While TCN recorded barely 7,000MW bulk electricity wheeling capacity in December 2017, as at November 2018, the public firm did another simulation and announced 8,100MW.
The national grid frequency was stable for longer periods this year than it was since 2015. The grid recorded 11 system collapses occurring between January and September. This was however slightly higher than the 10 collapses recorded in 2015 being the year with the lowest occurrence since 2010, reports from the System Operator (SO) arm of TCN showed.
While TCN made significant improvements, there are key lines that are still constrained especially, the Alaoji to Onitsha, Awka to Enugu, and Odukpani lines, hampering effective delivery of electricity.
The Managing Director of TCN, Mr Usman Gur Mohammed, had at the fourth quarter briefing said plans are ongoing to expand those lines. He said in spite of the investments, there are many commissioned transformers that the Distribution Companies (DisCos) have not connected to bring the increased power to electricity consumers.

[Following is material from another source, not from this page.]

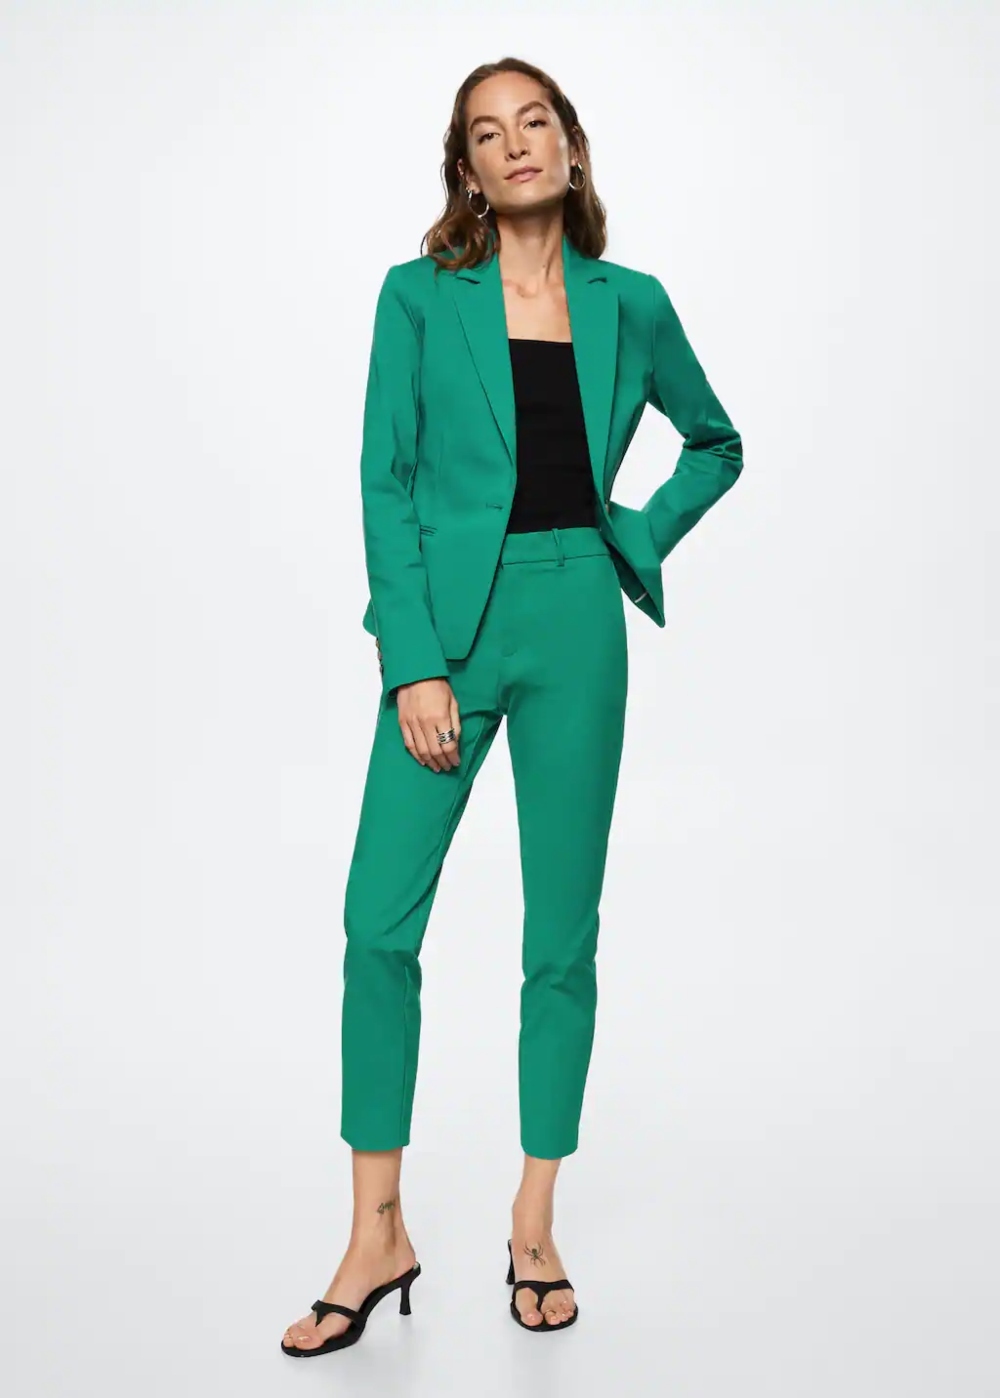 trajes de chaqueta de mujer de Mango para un look de oficina perfecto | Moda

There are often mixed reactions about electricity distribution in Nigeria as many consumers have their expectations. What was more important to them this year besides stable supply was that they could measure their consumption and pay commensurately. This December, the DisCos are taking more power, above 4,000MW, the sector’s daily operational reports indicated.
However, there were huge records of load rejection during the year. Explaining the reasons behind this, the Executive Director, Research and Advocacy at the Association of Nigerian Electricity Distributors (ANED), Barrister Sunday Oduntan, said it made no business sense for DisCos to take power that is dumped on them by the transmission section especially where they do not have customers to supply, while the core areas suffer poor bulk power supply to their stations.
For metering, the DisCos said the lack of cost reflective tariff is making them sell electricity as deficit price since February 2016 and that it has hampered their investment speed. While metering continues, customers yearning for them shows the process is rather slow, while many DisCos’ customers complain of huge estimated bills, not commensurate with actual consumption.
The DisCos are into enumeration to capture more customers into the paying net which could increase revenue and solve the liquidity crisis in the power sector. The Federal Government through TCN is investing N72bn as Distribution Expansion Programme (DEP) to provide infrastructure for some DisCos so they can sustain supply to certain customers.
But Oduntan advised the government, which still has 40 per cent stake in the DisCos, to find a lasting intervention template to cushion the over N1 trillion market shortfall so Nigerians can get better supply experience even as the DisCos battle energy theft and meter bypass among the end-users.
The Nigerian Electricity Regulatory Commission (NERC) finally had its chairman, Prof. James Momoh, over two years after the full board was to be operational. It moved to its permanent building in April after it activated the Meter Assets Provider (MAP) Regulation.
Many electricity consumers and experts have poorly rated NERC on handling of complaints and key issues in the sector.
They expect the regulator of the sector to do more in 2019. This is also the expectation from the technical and safety enforcer – Nigerian Electricity Management Services Agency (NEMSA).
NEMSA said it acquired more equipment, established more zonal offices and is sensitising stakeholders to check against substandard electrical installations and practices.